> [Information]
----------------------------------------

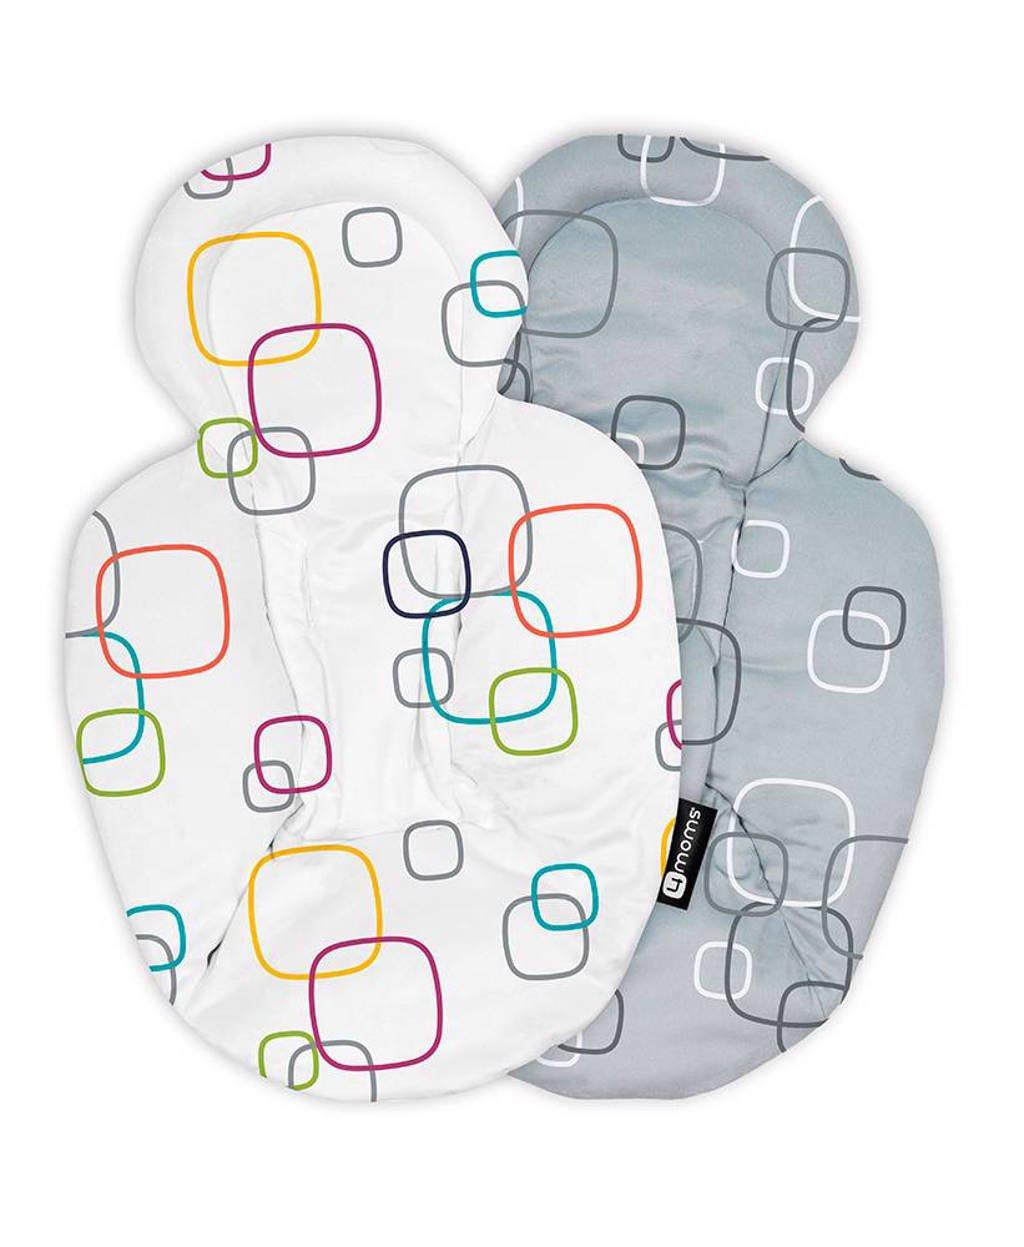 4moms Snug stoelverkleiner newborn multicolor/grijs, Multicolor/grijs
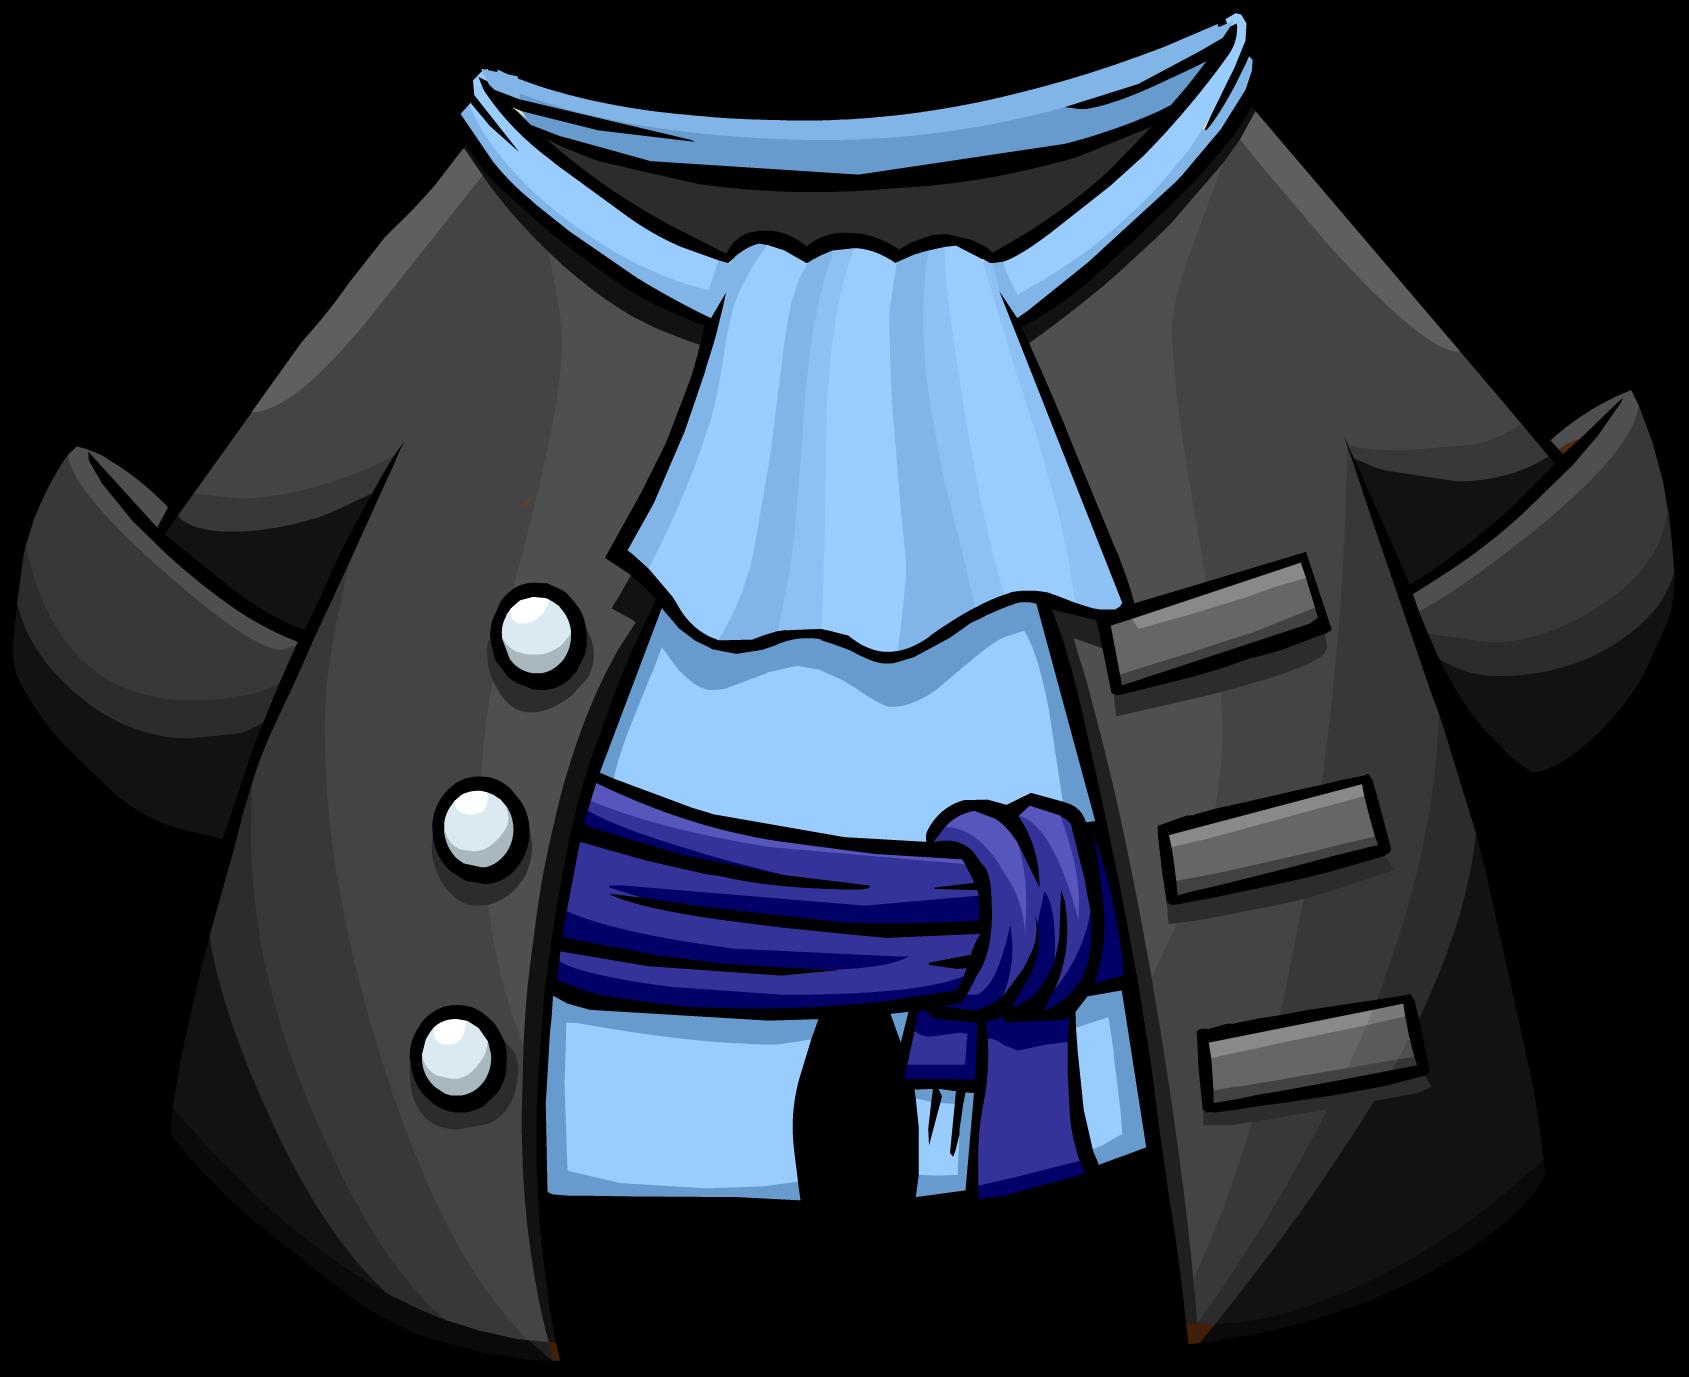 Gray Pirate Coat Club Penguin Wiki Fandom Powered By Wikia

----------------------------------------

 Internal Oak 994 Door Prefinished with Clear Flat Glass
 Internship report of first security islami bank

----------------------------------------

In your answer, include only the lines above starting at the line that holds "Internal Oak 994" and ending at the line that holds "Internship report of", copied exactly.

> [Result of this task]
 Internal Oak 994 Door Prefinished with Clear Flat Glass
 Internship report of first security islami bank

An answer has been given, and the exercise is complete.